Radio 2010: Listening and Lifestyle Profiles…and Coaching Tool

National ratings data and lifestyle information on the major formats is again available for free in the newly released Radio Today 2010 pdf from Arbitron. Download it free here.

There’s lots of good news for country:

• Fall 2009’s combined (PPM and Diary) country share was 13.4% (4.4%/4th in PPM markets and 14.1%/1st in diary markets). That’s the highest share the format has delivered since spring 2002.

• Country radio’s reach is second only to AC.

• The format was number one in every daypart except mornings (#2 behind New/Talk/Information). It was also #1 25-34, 35-44 and 45-54. It was #2 18-24, 55-64 and 65+. 18-24 was the “growth demographic” and has been “up steadily in recent years.”
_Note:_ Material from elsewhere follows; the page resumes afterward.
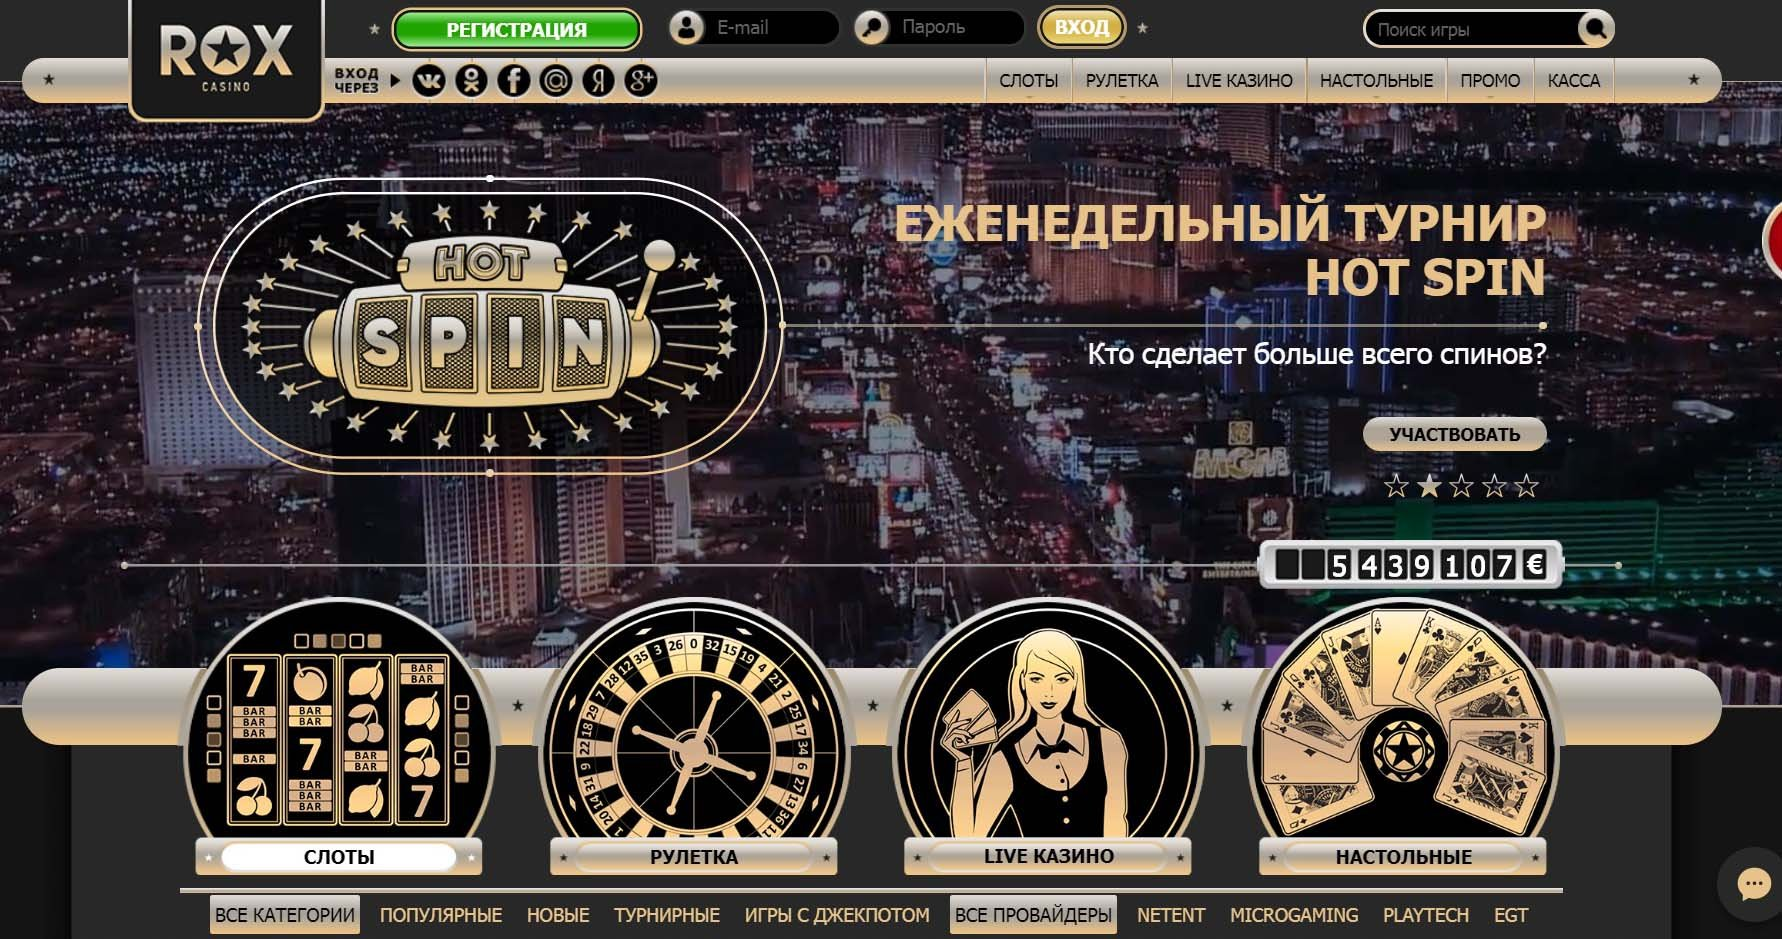 Картинки по запросу Rox Casino

• 26% of the AQH audience is 18-34 and 42% is 18-44. 18-34s aren’t just cumers; their TSL of 6:30 is just under the 7:00 average 12+ and close to the 7:00 for 25-54 and 7:30 for 35-64.
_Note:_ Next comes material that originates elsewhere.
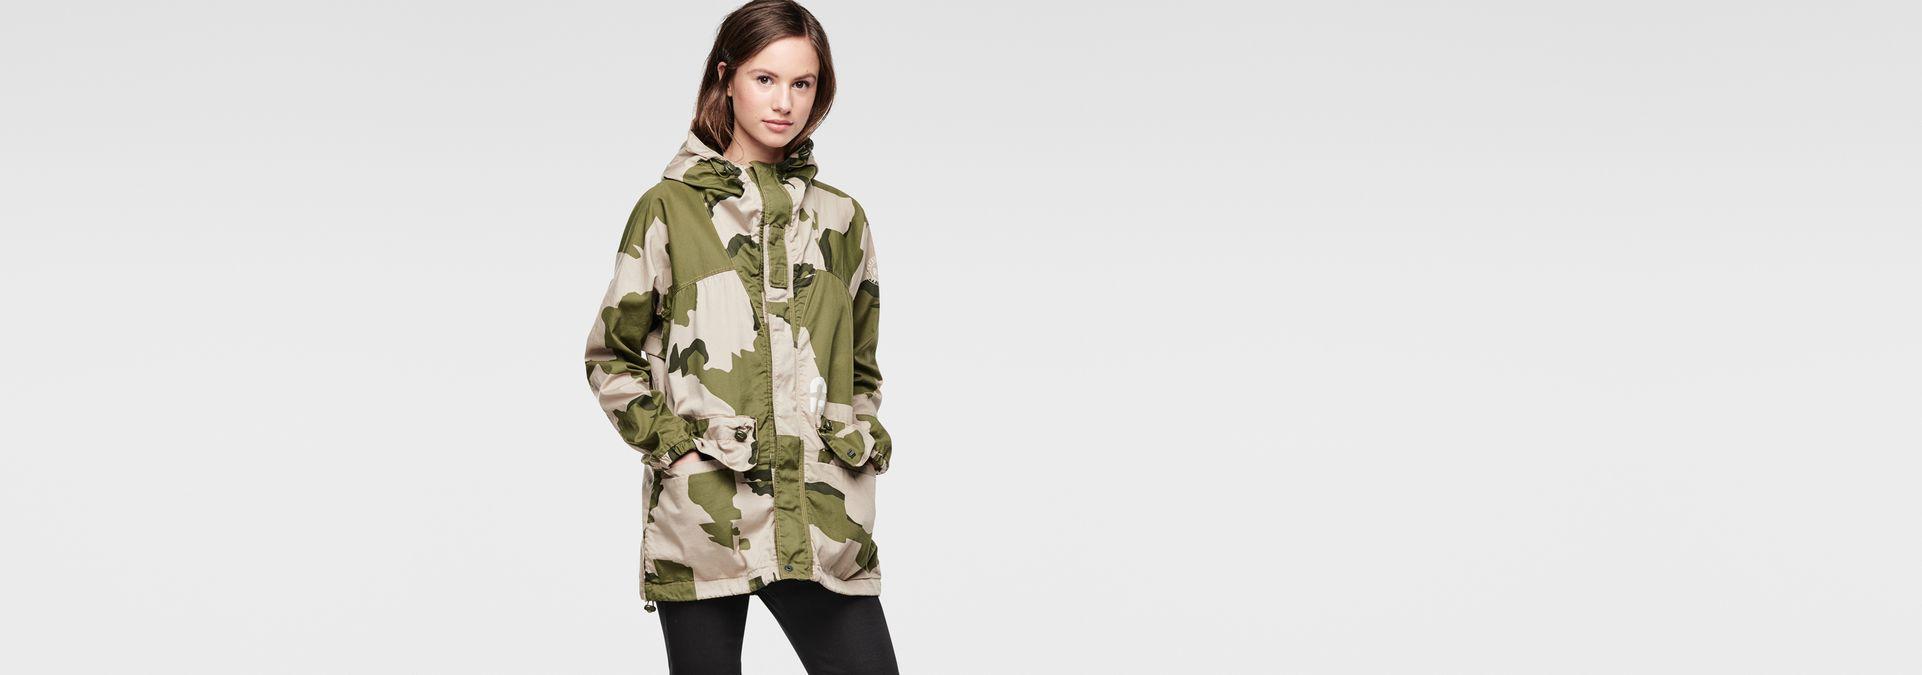 g star jacke damen camouflage modische jacken dieser saison foto blog. Black Bedroom Furniture Sets. Home Design Ideas

Non-ratings information on the country audience includes education (half have attended or graduated college), earnings (half live in households earning $50,000 or more), home ownership (70%) and interests (country audiences index high on outdoor activities and slightly above the norm on texting).

For programmers, one of the most useful pieces of data in any Arbitron report is the Audience Composition graph (the Radio 2010 AQH Composition for country is shown). Running graphs for cume and AQH give you a ‘big picture’ look at both plus the relationship between them.
After checking rankings and PPDV/PPM Weight, Audience Composition is usually the next place I go when breaking out ratings.
My expectations are that the ‘comps’ will roughly mirror our targeting (usually it does). But when it doesn’t, it triggers a series of questions: from ‘Is this an aberration?” to an overall evaluation of the relevance and ‘welcoming-ness’ of key station elements.

An Audience Composition graph can also be a talent coaching tool, particularly if you’re concerned that a show isn’t as aligned with the audience as it should be. Compare a multi-book average of the station’s and the show’s Audience Composition. If there are undesirable differences, challenge the talent to cite the specific audience appeal for the show overall as well as its specific features and content pieces.

Comparing their perceived targets to the show’s Audience Composition might be what you need to offer congratulations or to shake things up a bit.